During the debugging init phase (dbgp_init), we actually change the default output helpers to the _debug_output_char_helper and the _debug_output_string_helper, so all output will pass through these helpers.

These helpers will check the current channel modes, and the file number the string or character must be printed. If the file number is 1 (STDOUT), and the channel mode for stdout is “normal”, then the output will be passed to the original output helpers so it will be printed on the server.

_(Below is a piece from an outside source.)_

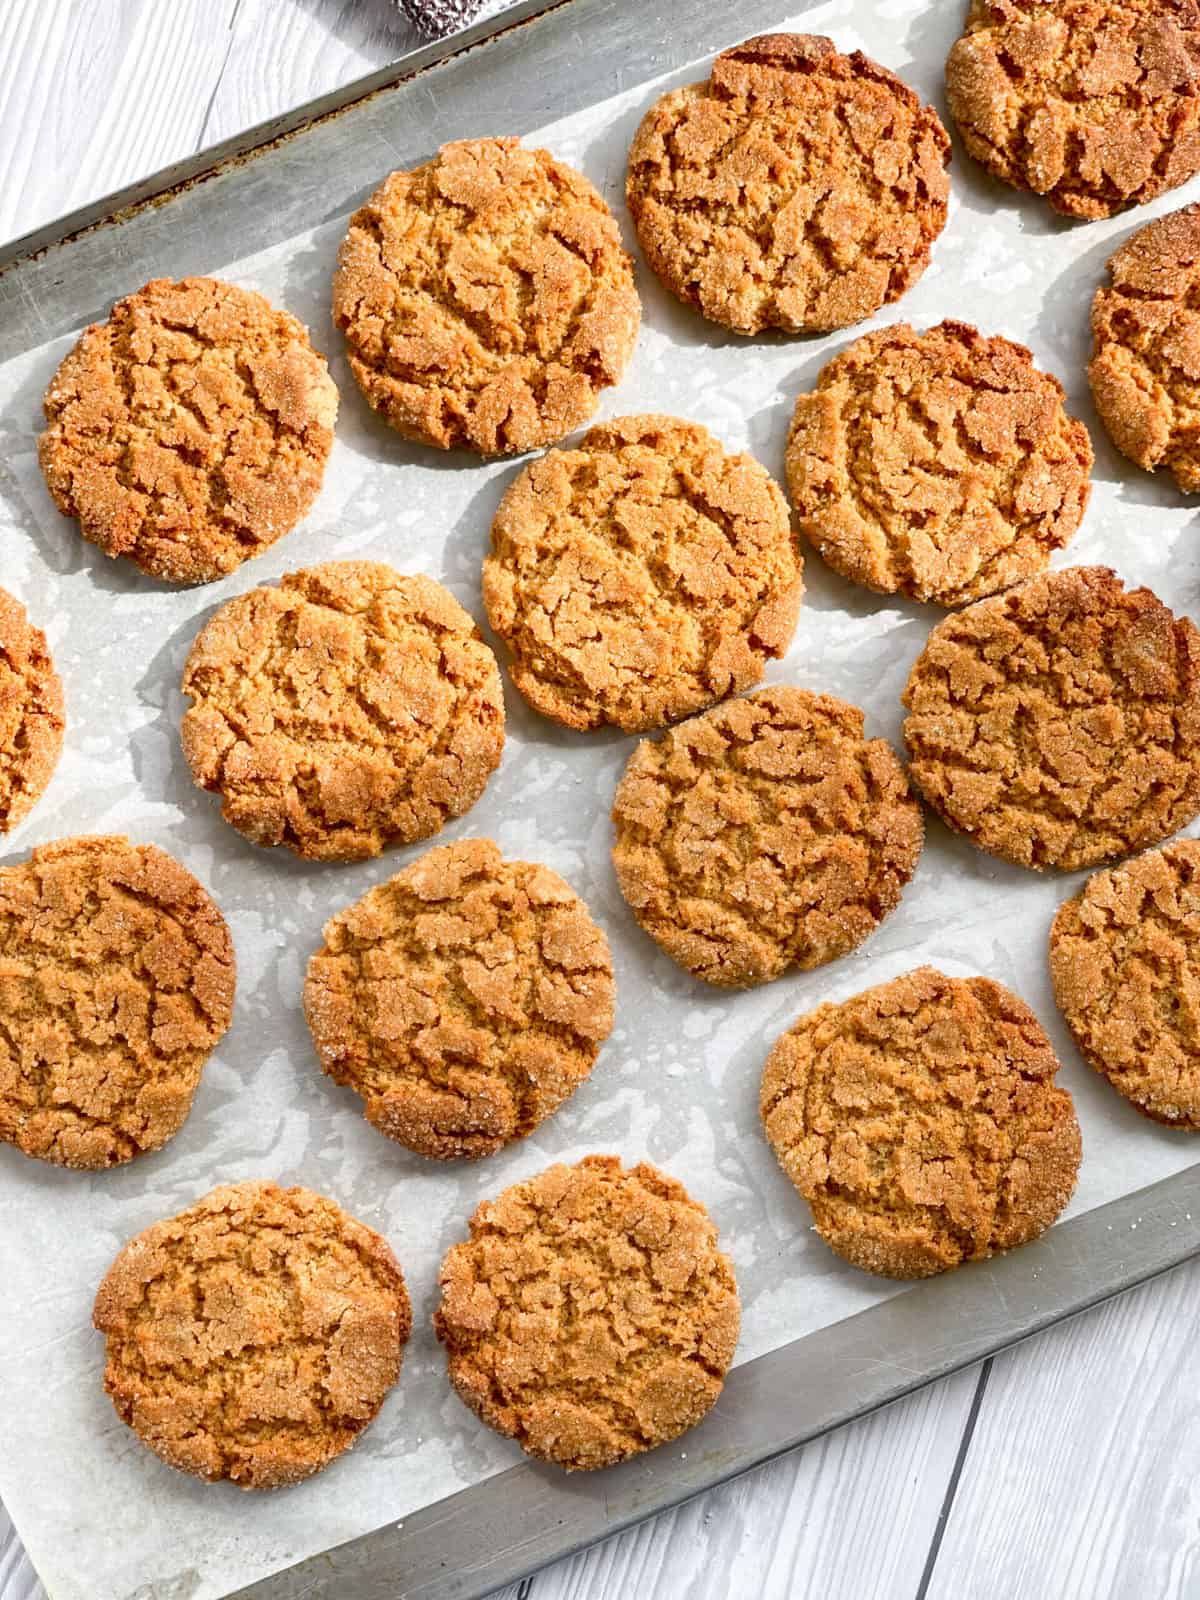 Warm Ginger biscuits baked to golden brown on a baking tray

If the mode is IDE (or split), the output will send over via XML to the IDE, and still optionally passed to the output handler as well if needed (in case of split mode).

Running

Once the debugger is inside the RUNNING mode (through the “run” command, mostly), normal activities are resumed and the loaded code will run through the VM. On each iteration in the virtual machine, there is a check if the VM is running in VM_RUNMODE_DEBUG, and if the debugger is still attached. It might be possible that the debugger is not attached, but it would still run in debugger mode (although nothing can control it anymore).

If in VM_RUNMODE_DEBUG, then dbgp_debug() is called with the global debug_info structure, plus the current stack frame.

Inside dbgp_debug, it checks if step-into has been set. If so, it checks if we are on the given line. If so, we clear the step-into flag, set the debug state to BREAK, set a reason OK and return this info back through XML to the IDE. At that point, we go to dbgp_parse_incoming_commands(), and wait for other commands that will either fetch context variables, set/get breakpoints, or run, step in, out again etc.

We basically follow the same setup when dealing with step-out and step-over.

Breakpoints are also handled here. But since there are multiple types of breakpoints, we must have multiple ways to handle them. Currently, Saffire only supports line breakpoints, as this looks similar to the step-into code. It’s easy enough to add other types here as well.